Lockheed Martin TLS-EAB
An artist’s impression of Lockheed Martin’s offering for the TLS-BCT requirement. Lessons learned from this programme will be factored into the TLS-EAB effort.

The US Army is moving forward with its TLS-EAB ensemble to support operational-level CEMA.

The Association of Old Crows’ CEMA-2021 conference had updates on the US Army’s TLS-EAB system. The conference was held in late May in Belcamp, Maryland and online. The Terrestrial Layered System Echelons Above Brigade (TLS-EAB) is a major part of the army’s electronic warfare modernisation. The army’s Brigade Combat Teams (BCTs) will receive the TLS-BCT. The TLS-BCT’s equipment will be installed on a version of the General Dynamics M-1133 Stryker medical evacuation platform. This was chosen because it has enough electrical connections to power the vehicles’ electronic warfare equipment.

As Armada has reported the TLS-BCT supports the manoeuvre force with electronic and cyberattack. It will detect communications and radar threats across wavebands of circa 30 megahertz to at least 18 gigahertz. Electronic/cyber attack will be performed in direct support of the manoeuvre force.

Operational-level SIGINT collection and electronic/cyber attack will be performed by the TLS-EAB. The TLS-EAB will comprise two Oshkosh FMTV wheeled tactical vehicles. One will carry a SIGINT and jamming system.
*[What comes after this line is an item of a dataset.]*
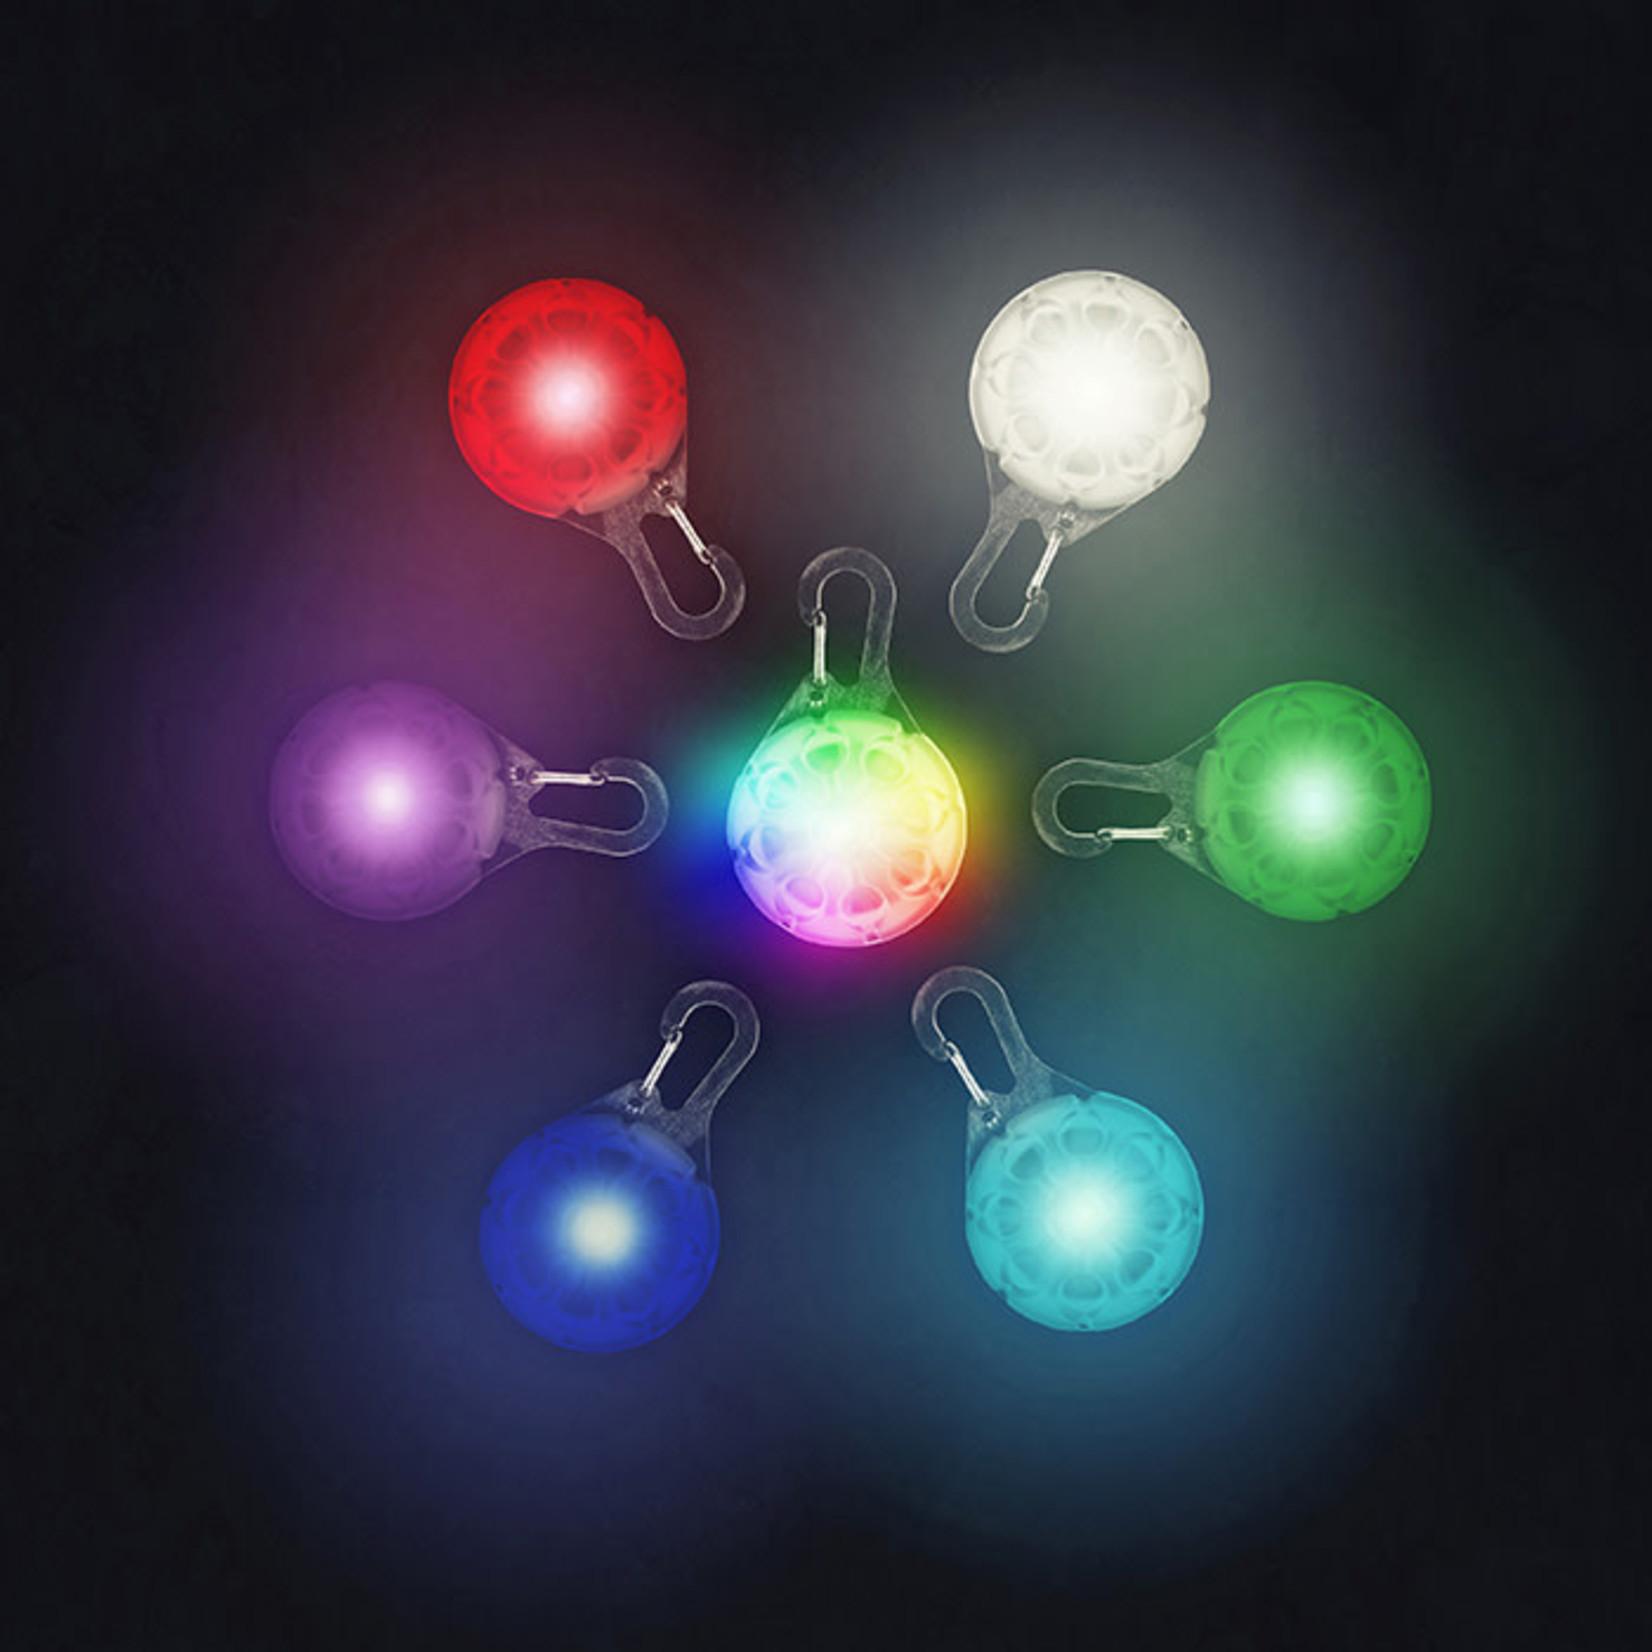 NITE IZE NITE IZE SpotLit LED Pendant

This will likely detect and engage threats on similar wavebands to the TLS-BCT. The second will carry an electronic protection system. This will help safeguard friendly communications networks and radios from hostile electronic/cyberattack. The vehicle will perform cyber/electronic attack to preempt hostile actions. Unlike the first vehicle, it will not collect SIGINT.

TLS-EAB

Kevin Wilson, the US Army’s TLS-EAB lead in the electronic warfare and cyber at the programme executive office for intelligence, electronic warfare and sensors updated CEMA-2021 delegates on progress.

An OTA (Other Transaction Authority) award is expected by the middle of 2022. OTA agreements engage industry and academe for research and prototyping. They are not procurement contracts. Mr. Wilson said that the goal of the OTA is to perform a full installation of the prototype system.

Development is being performed alongside the TLS-BCT. Relevant lessons learned emanating from this programme will be rolled into the TLS-EAB’s development. Similarly, continued testing of prototype systems during exercises will help inform development.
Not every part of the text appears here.